■ DATASET EXTRACT:
======
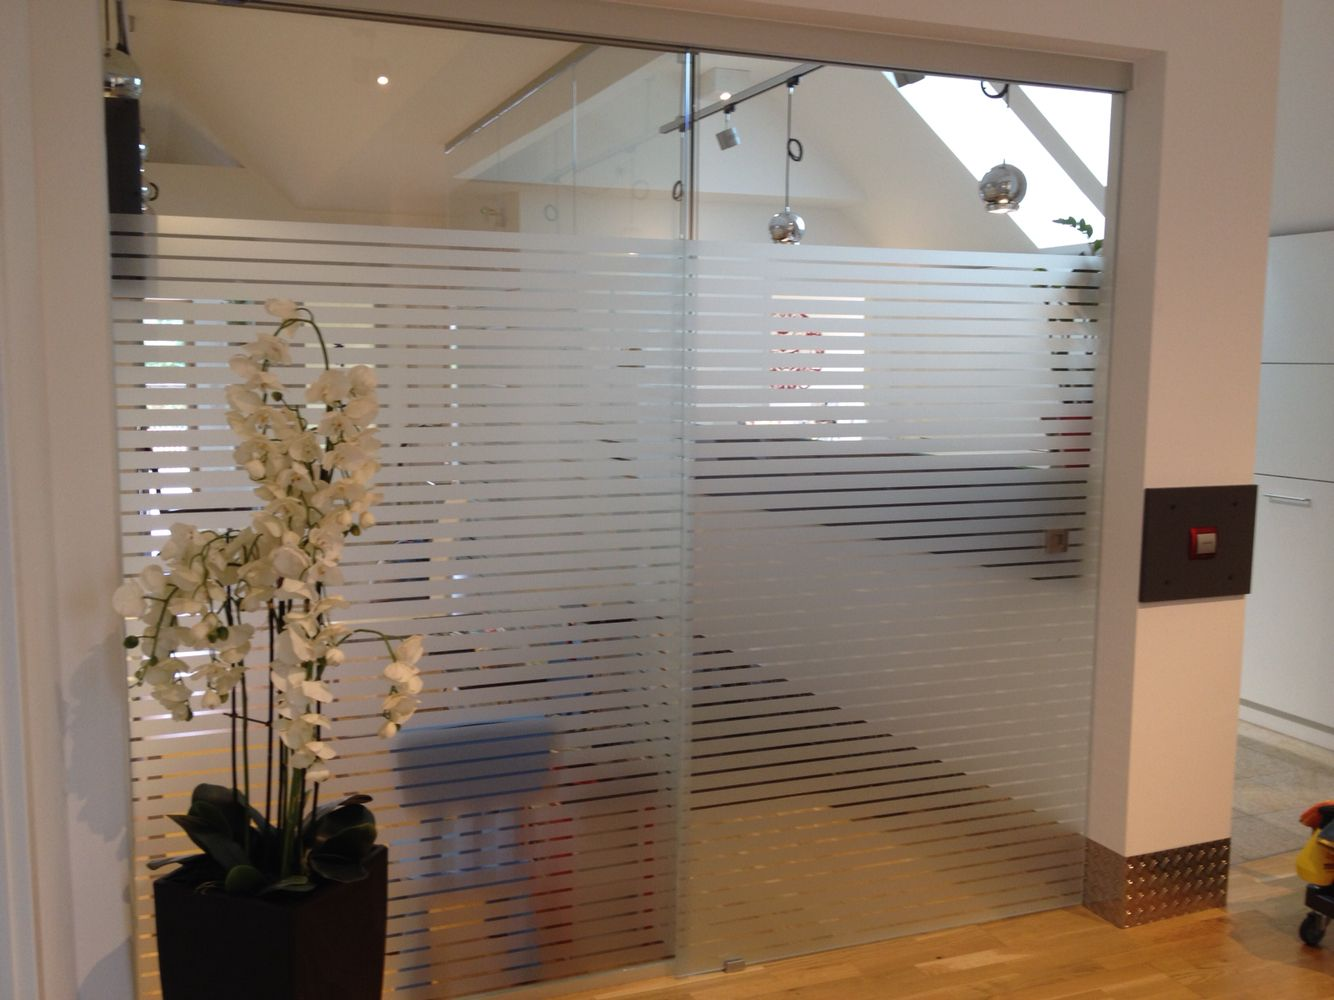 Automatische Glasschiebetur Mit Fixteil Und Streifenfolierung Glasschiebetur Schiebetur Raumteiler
======
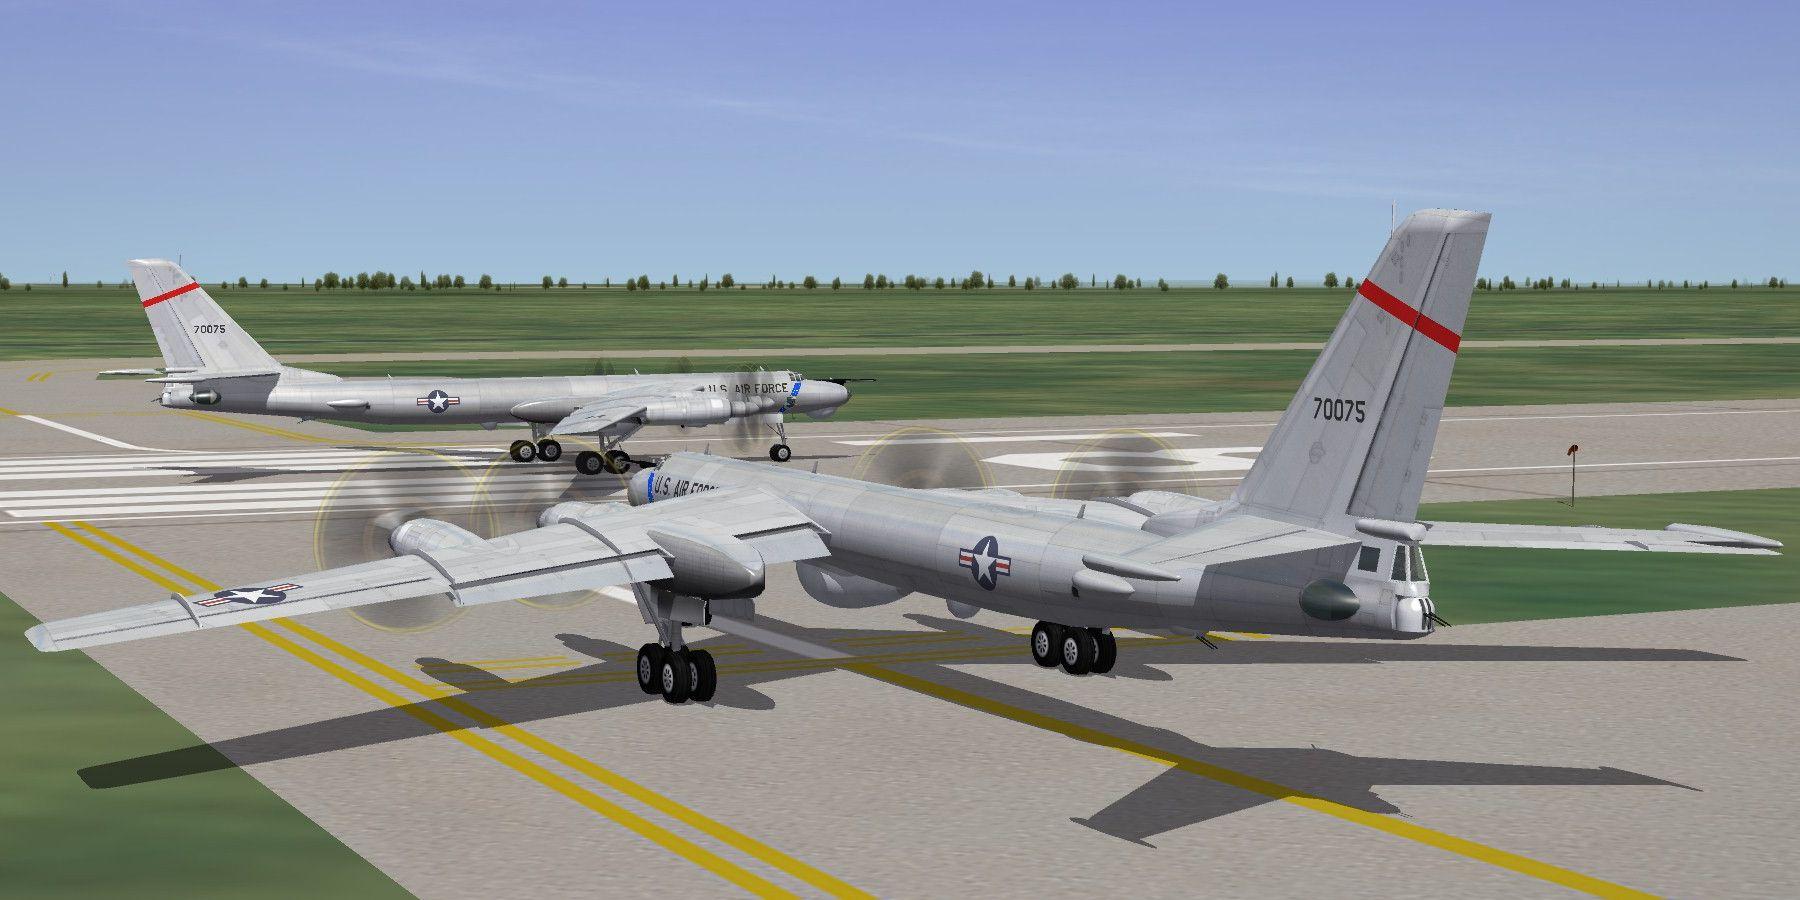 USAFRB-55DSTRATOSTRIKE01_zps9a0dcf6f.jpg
======
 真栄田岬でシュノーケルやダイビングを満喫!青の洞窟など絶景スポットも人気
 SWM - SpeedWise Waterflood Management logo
======
■ THE TASK: In the entries above, find the line with "真栄田岬でシュノーケルやダイビングを満喫!青の洞窟など絶景スポットも人気" and the line with "SWM - SpeedWise Waterflood Management logo", then set down exactly those two and every line between them, nothing else.

■ ANSWER TO THE EXERCISE:
 真栄田岬でシュノーケルやダイビングを満喫!青の洞窟など絶景スポットも人気
 SWM - SpeedWise Waterflood Management logo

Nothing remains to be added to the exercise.